ConcernLeRobot’s choiceAlternative
Dataset formatLeRobotDataset (parquet + video)Per-paper TFDS / WebDataset / RLDS
Policy interfacePolicy.select_action(obs)Each repo defines its own
DistributionHugging Face HubGitHub releases / Google Drive

This means you can swap policies and datasets at the level of a string identifier, the same way you’d swap a pre-trained language model. If you’re new to the broader landscape, our Robot Learning Frameworks 2026 guide compares LeRobot against Isaac Lab, RoboSuite, and MuJoCo Playground.

Prerequisites

  • Python 3.10+ (3.11 recommended for faster decoding)
  • 8 GB RAM minimum, 16 GB recommended for ACT training
  • GPU: optional for inference, strongly recommended for training (≥8 GB VRAM for ACT, ≥16 GB for diffusion policies)
  • Basic familiarity with PyTorchnn.Module, DataLoader, optimizer.step()
  • Disk: ~5–20 GB per episode-rich dataset; videos dominate

If you don’t have a GPU locally, Hugging Face Spaces, Modal, RunPod, and Lambda all offer hourly A10/A100 instances; the LeRobot training scripts accept a CUDA device flag and run unchanged.

Step 1: Installation

pip install lerobot

# Verify installation
python -c "import lerobot; print(lerobot.__version__)"

For development against the latest commits (recommended if you’re following along with active research):

pip install "lerobot[all] @ git+https://github.com/huggingface/lerobot.git"

The [all] extra pulls simulation envs (gym-aloha, gym-pusht), video codecs, and visualization tools.

Step 2: Explore Pre-trained Policies

LeRobot hosts pre-trained policies on the Hugging Face Hub:

from lerobot.common.policies.act.modeling_act import ACTPolicy
from huggingface_hub import snapshot_download

# Download a pre-trained ACT policy for ALOHA simulation
policy_path = snapshot_download("lerobot/act_aloha_sim_transfer_cube_human")

These policies are trained on standard benchmarks and serve as baselines or starting points for fine-tuning. Browse the full set at huggingface.co/lerobot — a 1-line from_pretrained() is usually enough to load any of them.

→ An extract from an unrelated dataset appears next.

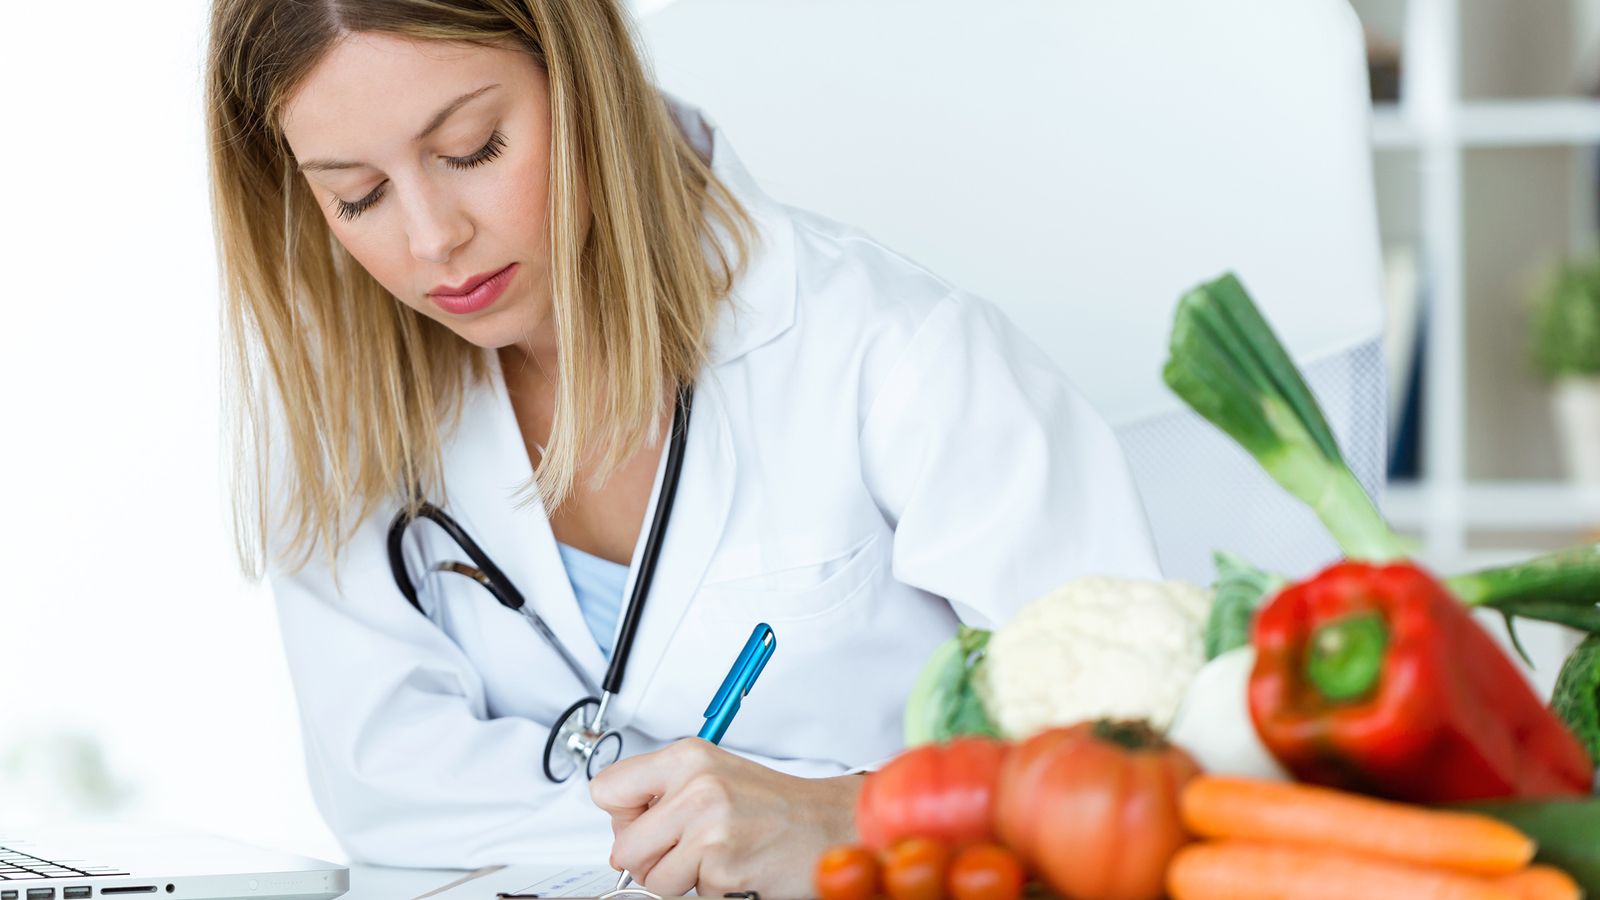 Ärztin füllt ein Formular über gesunde Ernährung aus. Im Vordergrund: Gemüse

Treat them as you would a pre-trained ResNet: a strong initialization, not a finished product.

Step 3: Run a Simulation Environment

LeRobot includes simulation environments for testing:

import gymnasium as gym
from lerobot.common.envs.factory import make_env

# Create the ALOHA transfer cube environment
env = make_env(
    env_name="aloha",
    task_name="AlohaTransferCube-v0",
    obs_type="pixels",
)

obs, info = env.reset()
print(f"Observation shape: {obs['pixels']['top'].shape}")
print(f"Action space: {env.action_space}")

The included environments — ALOHA, PushT, XArm — are intentionally small. They are there so you can validate that your policy and data pipeline run end-to-end before you spend hours on a custom task. For larger-scale parallel simulation, see our sim-to-real transfer guide, which covers when to graduate from gym-style envs to GPU-batched simulators like Isaac Lab.

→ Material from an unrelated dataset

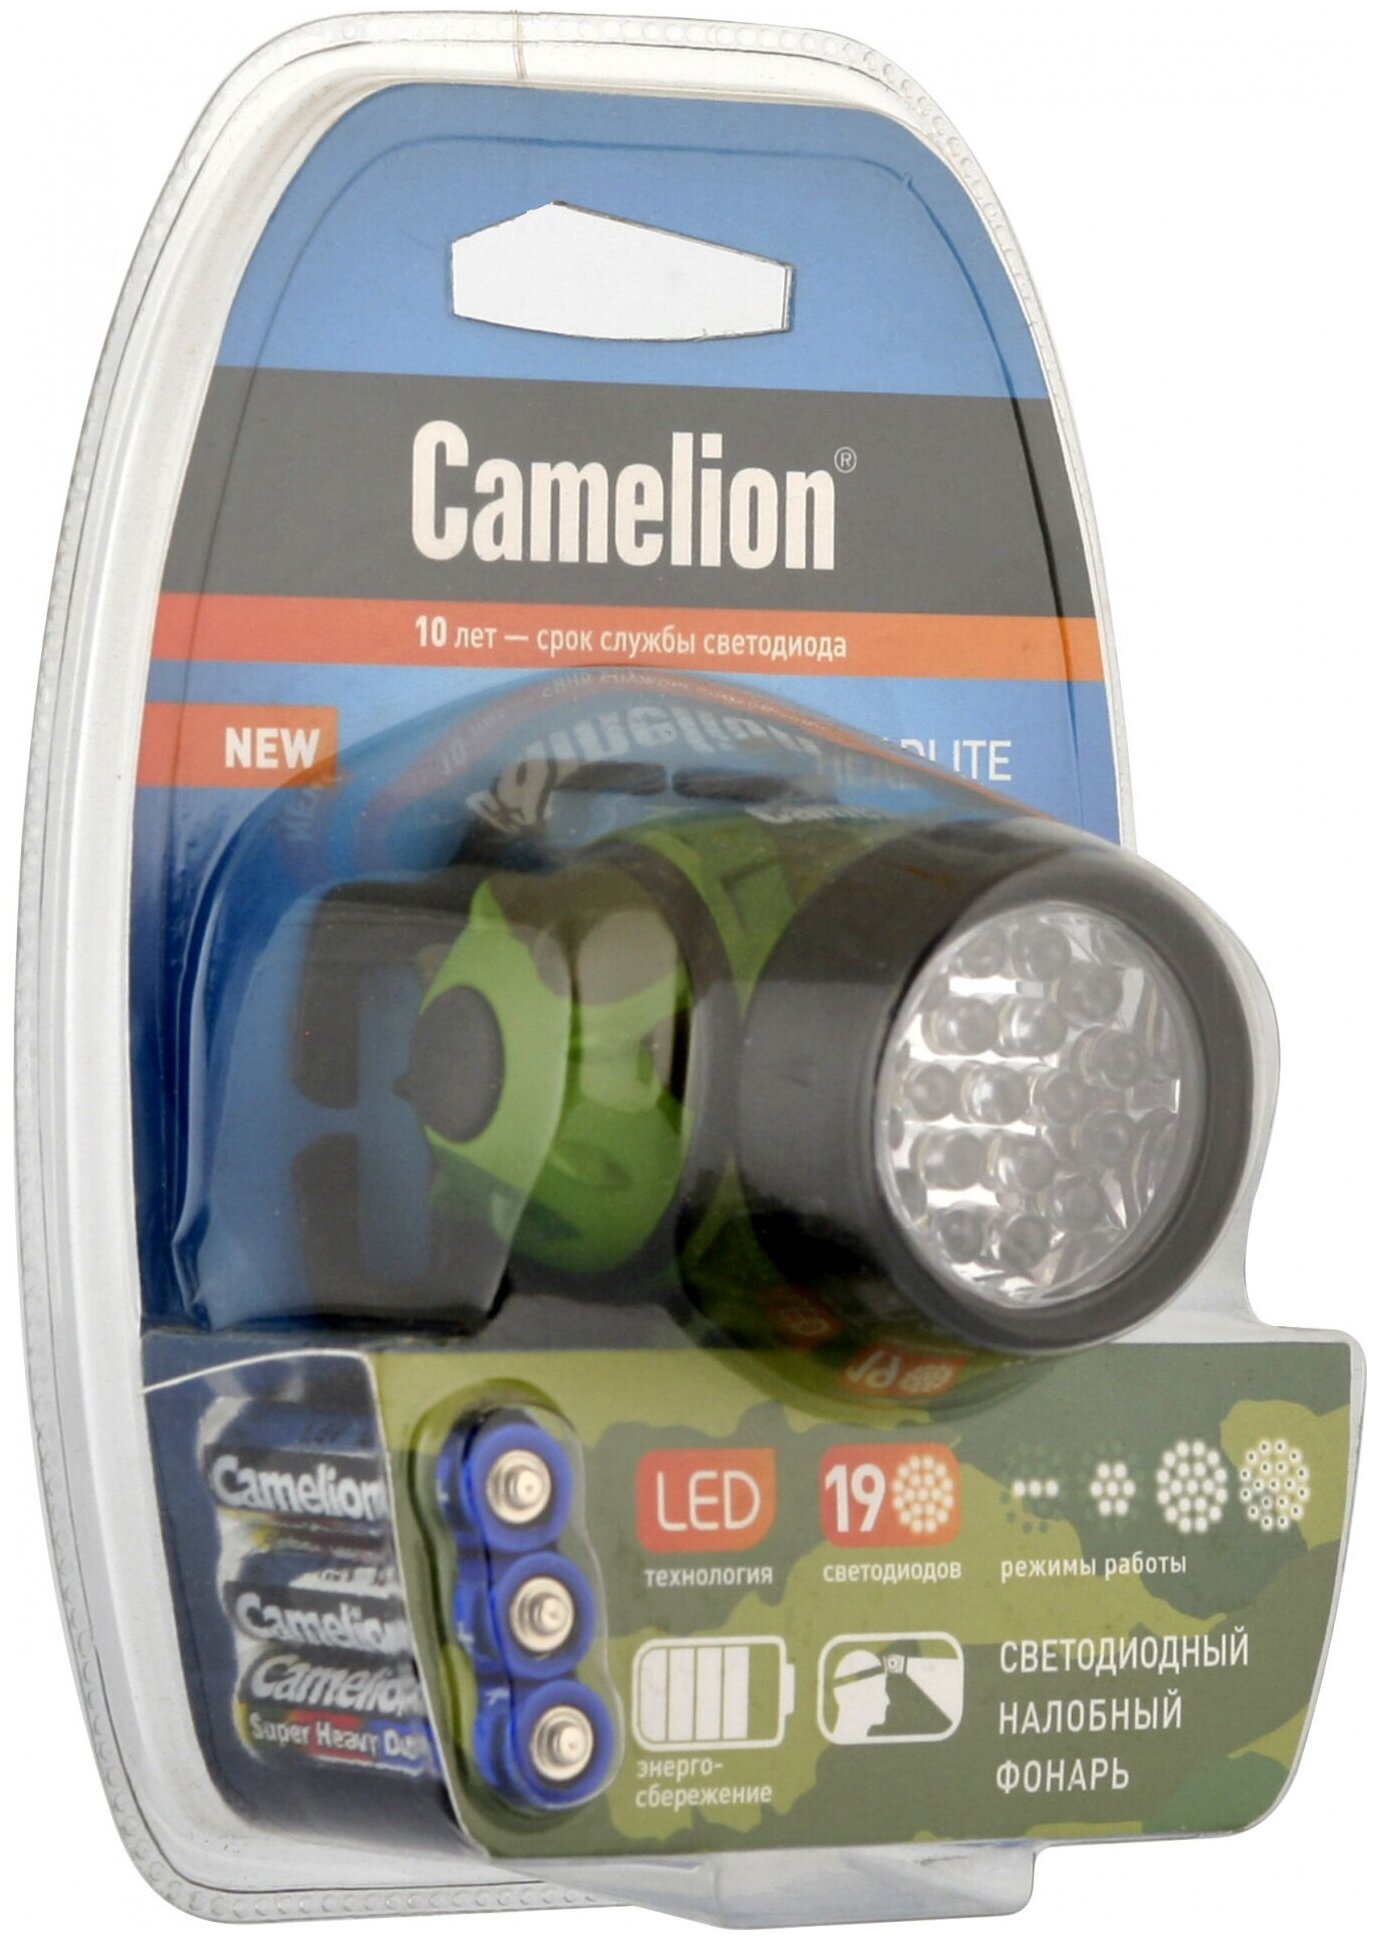 Налобный фонарь Camelion - фото №2

Step 4: Collect Demonstration Data

For real robot learning, you need demonstration data. LeRobot provides tools for this:

from lerobot.common.datasets.lerobot_dataset import LeRobotDataset

# Load an existing dataset to understand the format
dataset = LeRobotDataset("lerobot/aloha_sim_transfer_cube_human")

print(f"Number of episodes: {dataset.num_episodes}")
print(f"Number of frames: {dataset.num_frames}")
print(f"Features: {list(dataset.features.keys())}")

For collecting your own data with a real robot, LeRobot supports teleoperation recording:

# Record demonstrations via teleoperation
python lerobot/scripts/control_robot.py record \
    --robot-path lerobot/configs/robot/aloha.yaml \
    --repo-id your-username/your-dataset \
    --num-episodes 50

Understanding the LeRobot dataset format

LeRobotDataset stores three things side by side:

  1. Low-dimensional signals (joint positions, actions, rewards) in parquet — fast random access, columnar, queryable.
  2. High-dimensional observations (camera frames) as encoded video — typically AV1 or H.264 — a single 30-fps episode is usually ~1–10 MB on disk versus hundreds of megabytes if stored as raw frames.
  3. Episode metadata (length, success flag, task description) in a JSON sidecar.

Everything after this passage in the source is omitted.